Gaucher Disease Diagnosis Using Lyso-Gb1 on Dry Blood Spot Samples: Time to Change the Paradigm?

Abstract

For years, the gold standard for diagnosing Gaucher disease (GD) has been detecting reduced β-glucocerebrosidase (GCase) activity in peripheral blood cells combined with GBA1 mutation analysis. The use of dried blood spot (DBS) specimens offers many advantages, including easy collection, the need for a small amount of blood, and simpler transportation. However, DBS has limitations for measuring GCase activity. In this paper, we recount our cross-sectional study and publish seven years of experience using DBS samples and levels of the deacylated form of glucocerebroside, glucosylsphingosine (lyso-Gb1), for GD diagnosis. Of 444 screened subjects, 99 (22.3%) were diagnosed with GD at a median (range) age of 21 (1-78) years. Lyso-Gb levels for genetically confirmed GD patients vs. subjects negative to GD diagnosis were 252 (9-1340) ng/mL and 5.4 (1.5-16) ng/mL, respectively. Patients diagnosed with GD1 and mild GBA1 variants had lower median (range) lyso-Gb1, 194 (9-1050), compared to GD1 and severe GBA1 variants, 447 (38-1340) ng/mL, and neuronopathic GD, 325 (116-1270) ng/mL (p = 0.001). Subjects with heterozygous GBA1 variants (carrier) had higher lyso-Gb1 levels, 5.8 (2.5-15.3) ng/mL, compared to wild-type GBA1, 4.9 (1.5-16), ng/mL (p = 0.001). Lyso-Gb1 levels, median (range), were 5 (2.7-10.7) in heterozygous GBA1 carriers with Parkinson's disease (PD), similar to lyso-Gb1 levels in subjects without PD. We call for a paradigm change for the diagnosis of GD based on lyso-Gb1 measurements and confirmatory GBA1 mutation analyses in DBS. Lyso-Gb1 levels could not be used to differentiate between heterozygous GBA1 carriers and wild type.
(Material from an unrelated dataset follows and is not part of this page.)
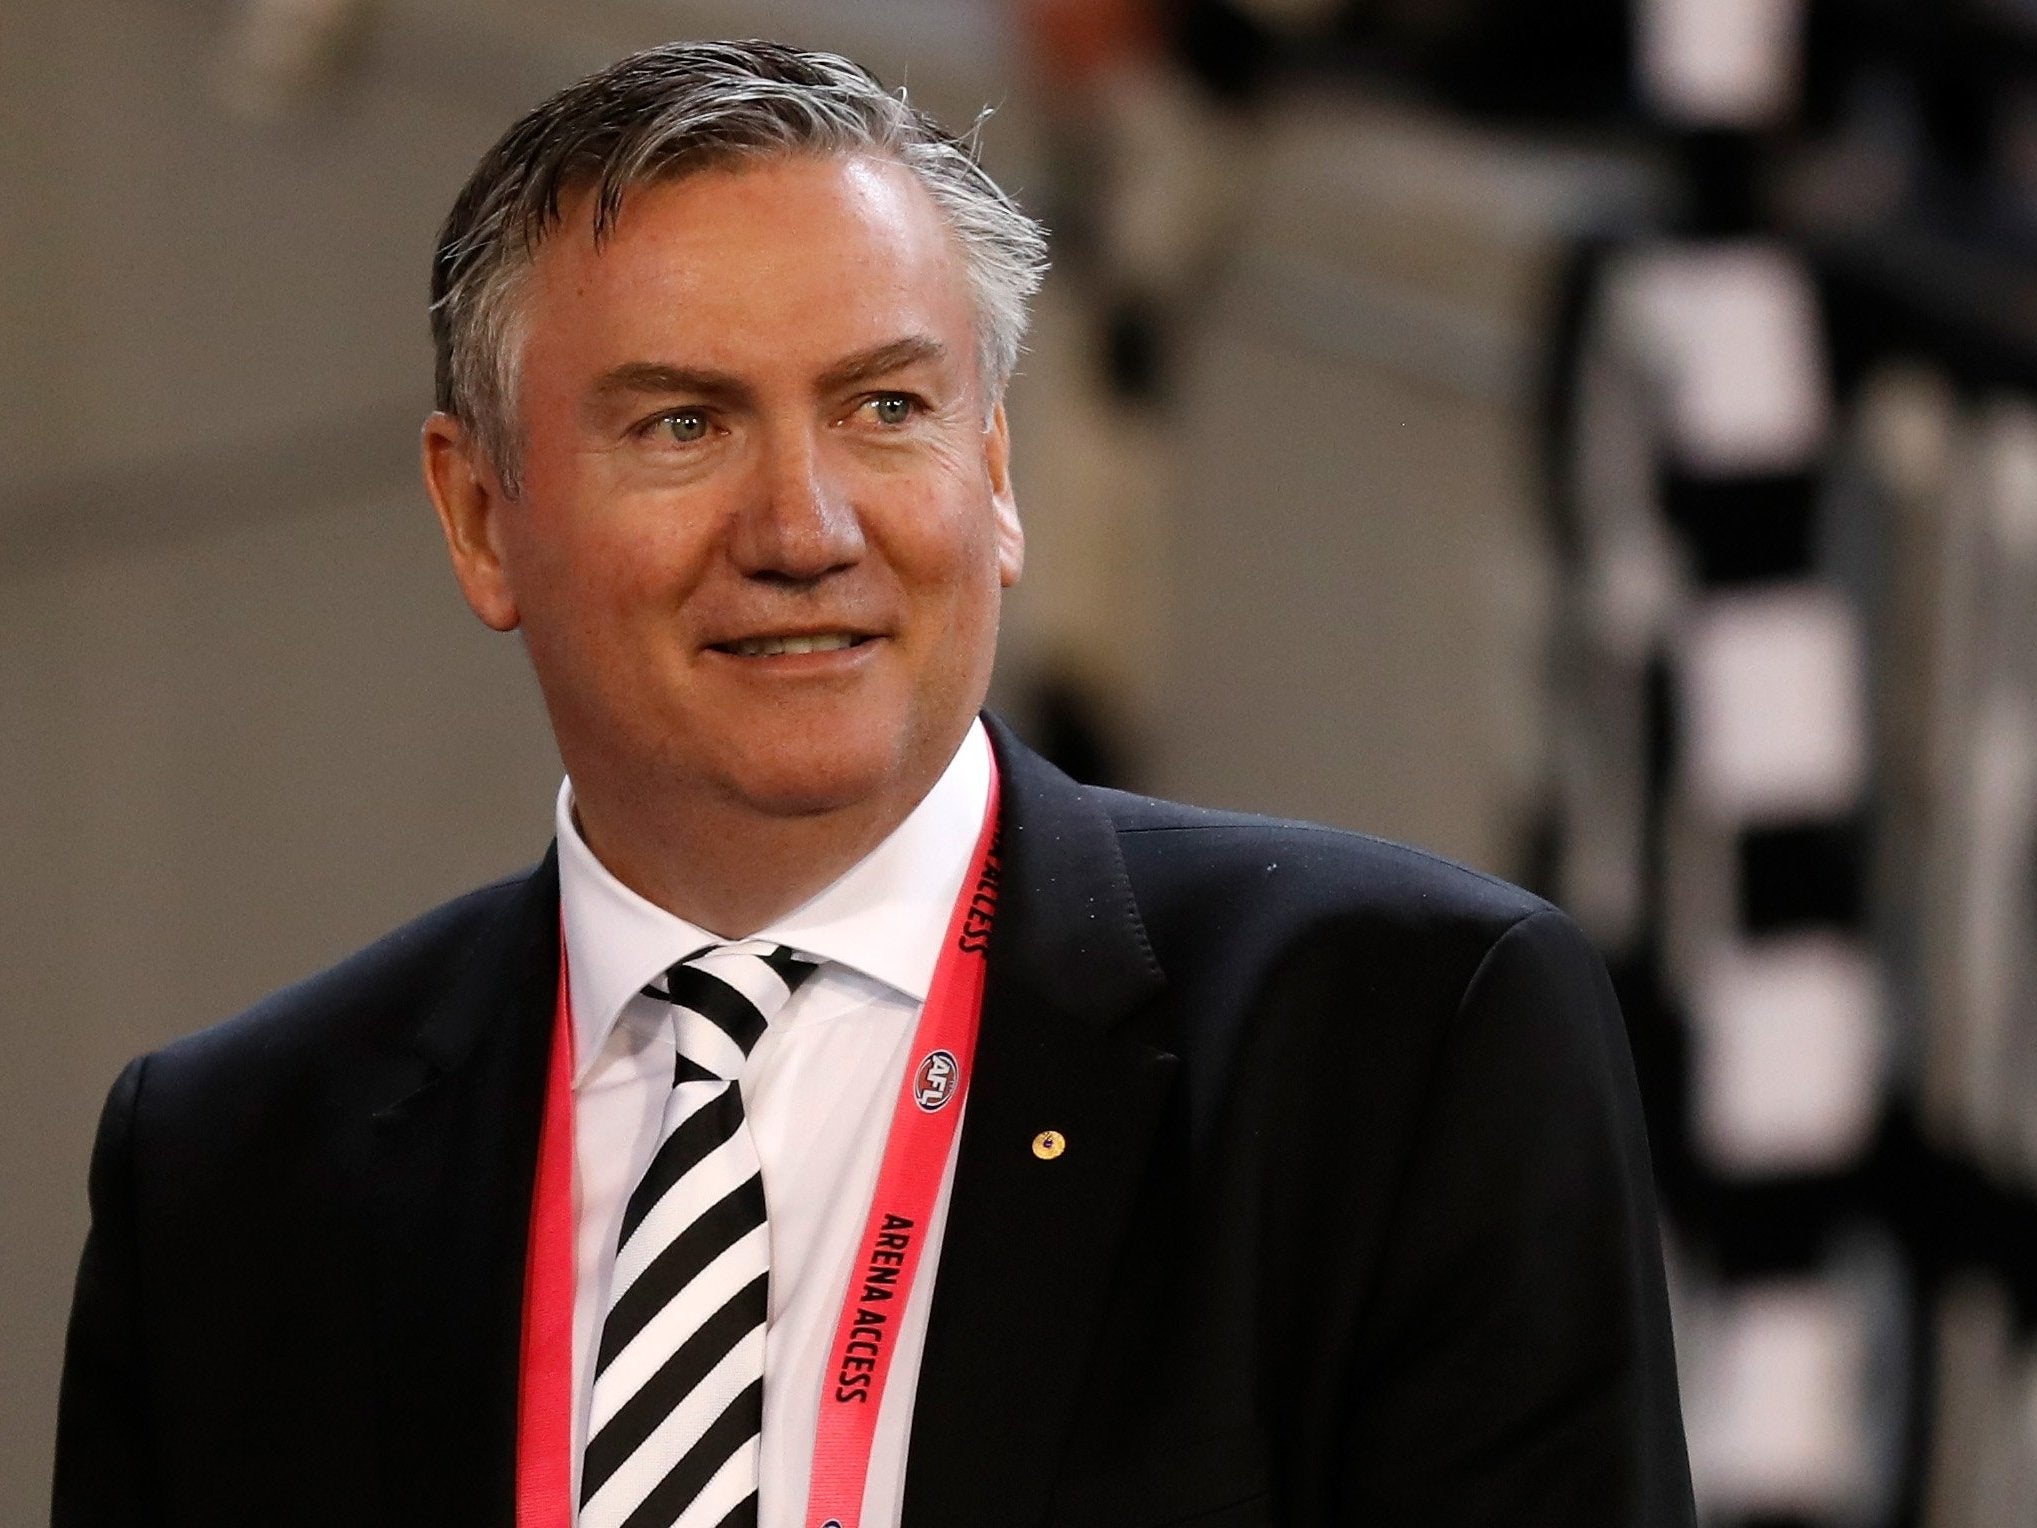 Eddie McGuire, who is also president of Collingwood Magpies, has a long history of on-air controversies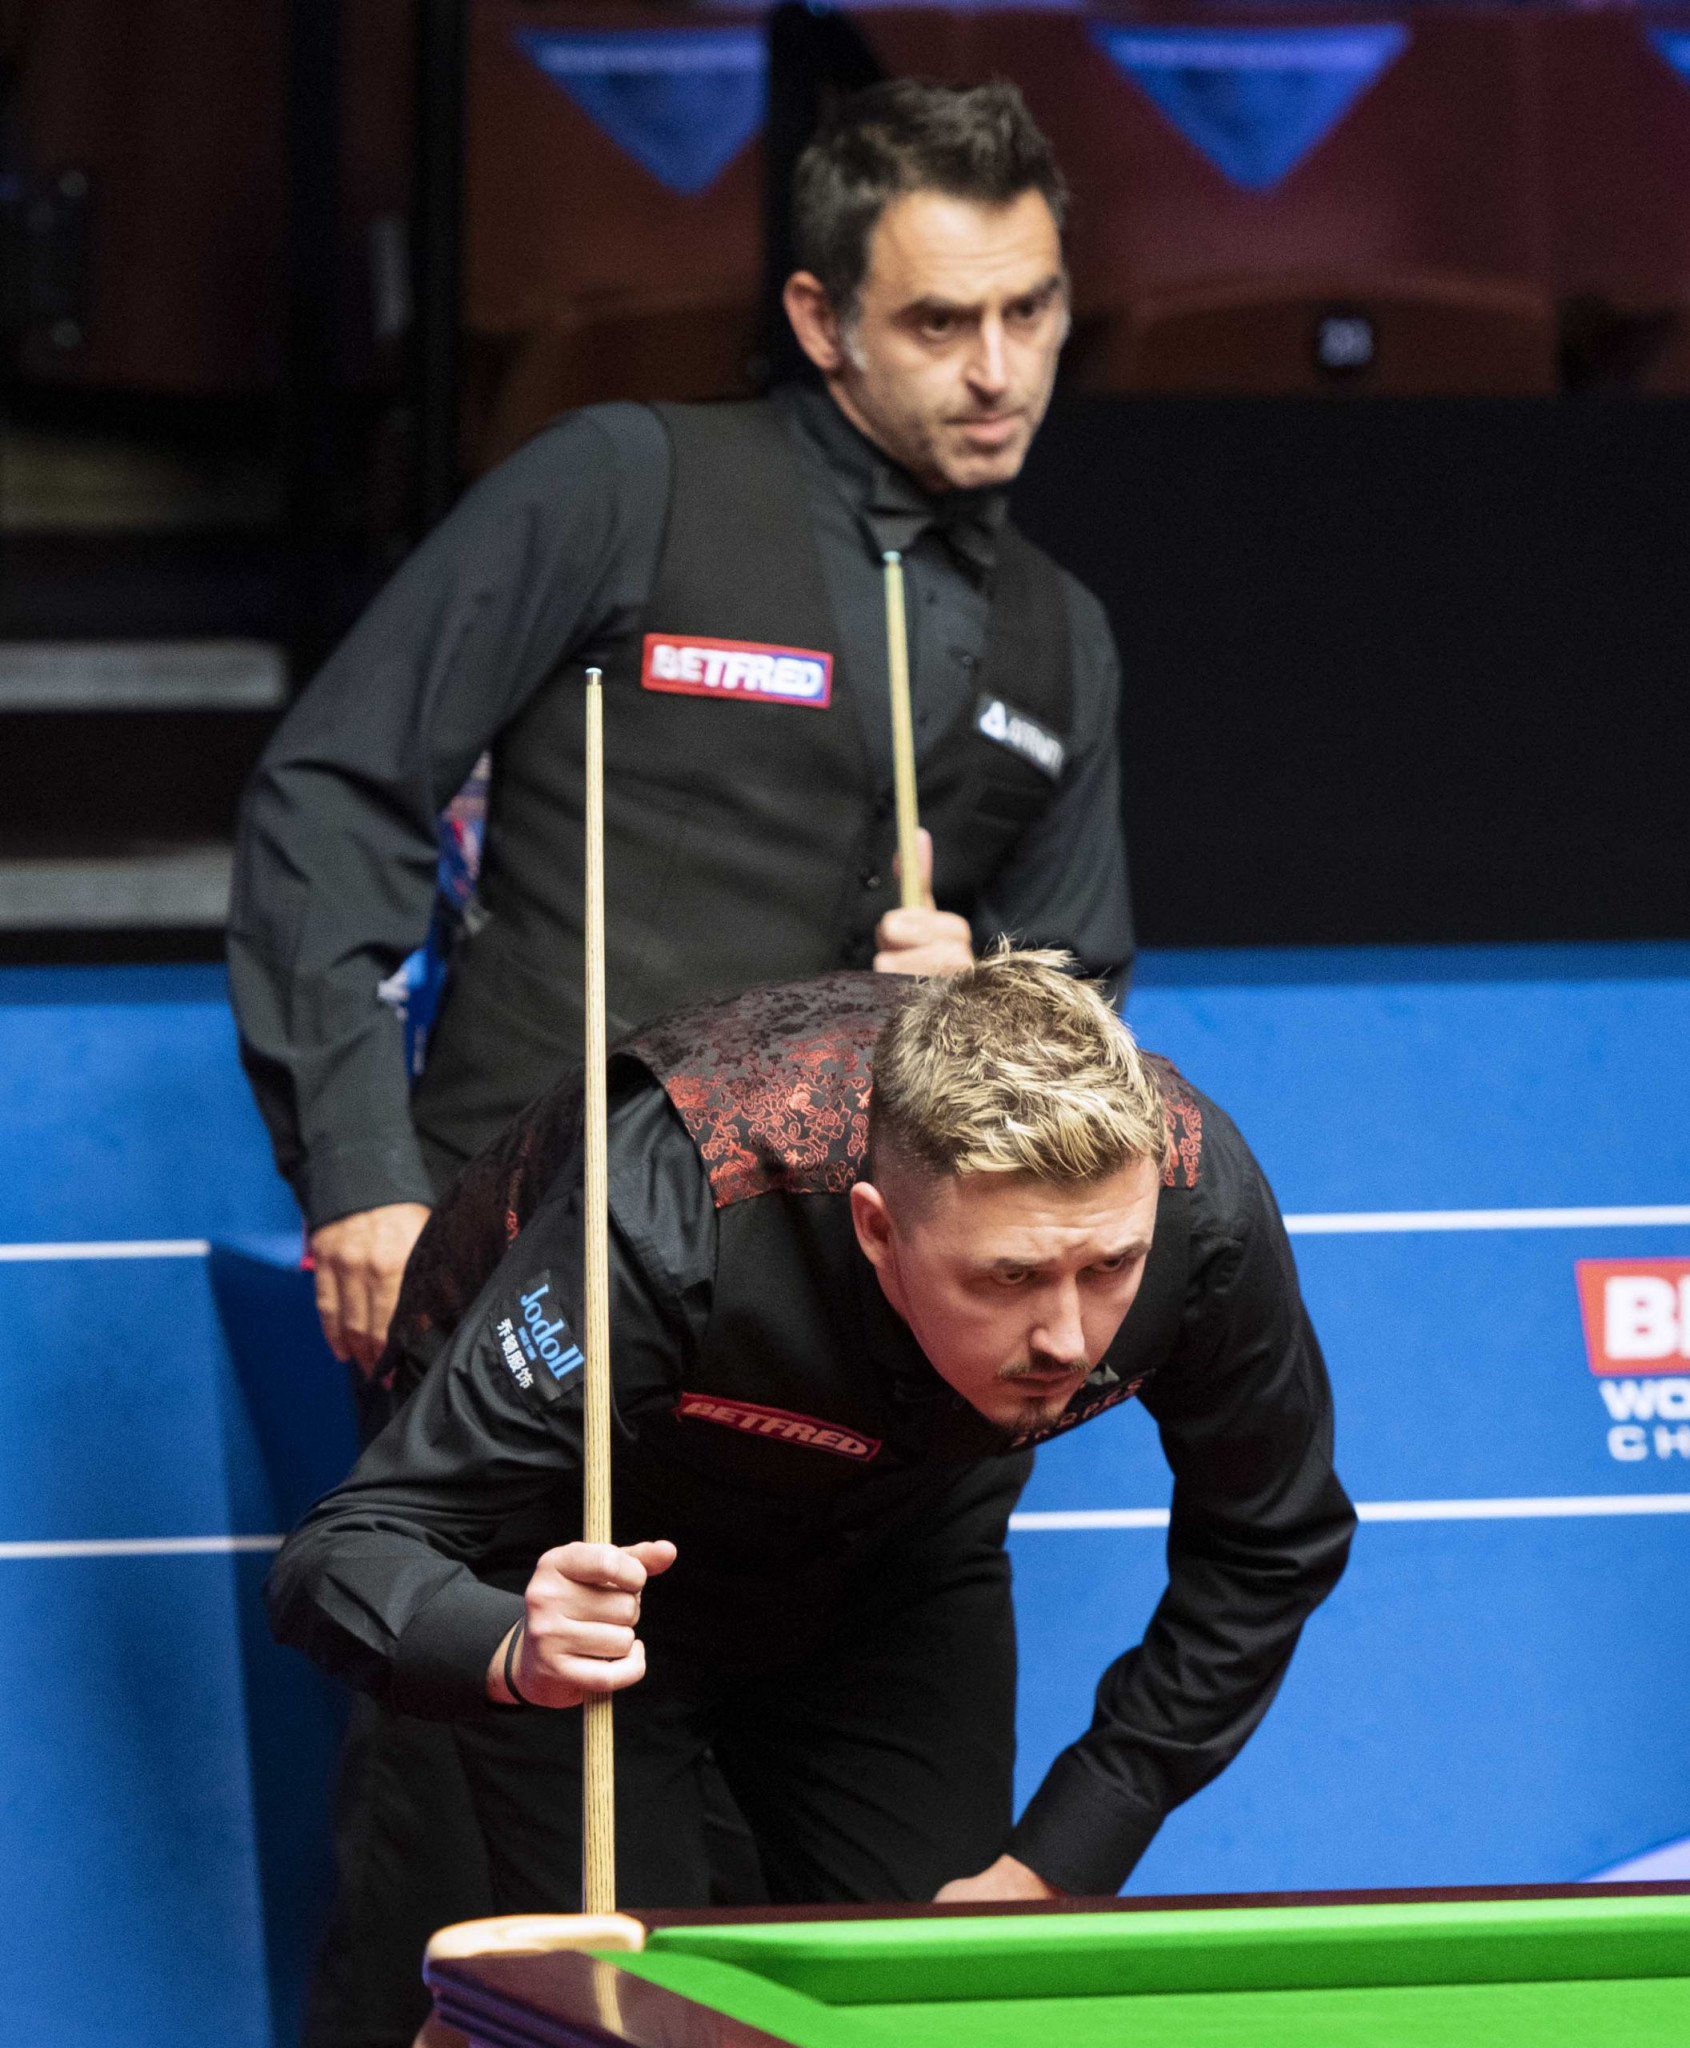 Kyren Wilson came back strongly in today's second session of the World Snooker Championship final at the Crucible Theatre when it looked like he might be overwhelmed by Ronnie O'Sullivan ©World Snooker

Keywords: Gaucher disease; diagnosis; dry blood spot; glucosylsphingosine; lyso-Gb1.

Figure 1

Age at diagnosis of GD. Thirty children were diagnosed at the age of 0–10 years, 18 at the age of 11–20 years, 25 at the age of 21–30 years, nine at the age of 31–40 years, nine at the age of 41–50 years, four at the age of 51–60 years, and four at the age of over 61 years.

Figure 2

Lyso-Gb1 levels at diagnosis of GD. Classification of mild type 1, severe type 1 and neuronopathic GD (nGD) was based on genotypes. Lyso-Gb1 levels of subjects with wild-type GBA1 were considered to be the control. NS, non-significant. Black dots represent the outliers.

Figure 3

The receiver operating characteristic (ROC) curve was used to evaluate the lyso-Gb1 ability for classifying Gaucher disease vs. no Gaucher disease. The area under the curve (AUC) was calculated.

Figure 4

Lyso-Gb1 levels in subjects with monoallelic variants in GBA1 (carriers) according to the cause for sending a sample; clinical features (clinic), family history of GD (family), Parkinson’s disease (PD), and subjects enrolled on a study of prodromal Parkinson’s disease (research). Lyso-Gb1 levels of subjects with wild-type GBA1 were considered to be the control. Black dots represent the outliers.

Figure 5

Receiver operating characteristic (ROC) curve was used to evaluate the lyso-Gb1 ability for classifying carrier vs. wild-type GBA1. The area under the curve (AUC) was calculated.

Figure 6

Number of patients tested per year over the seven years of study.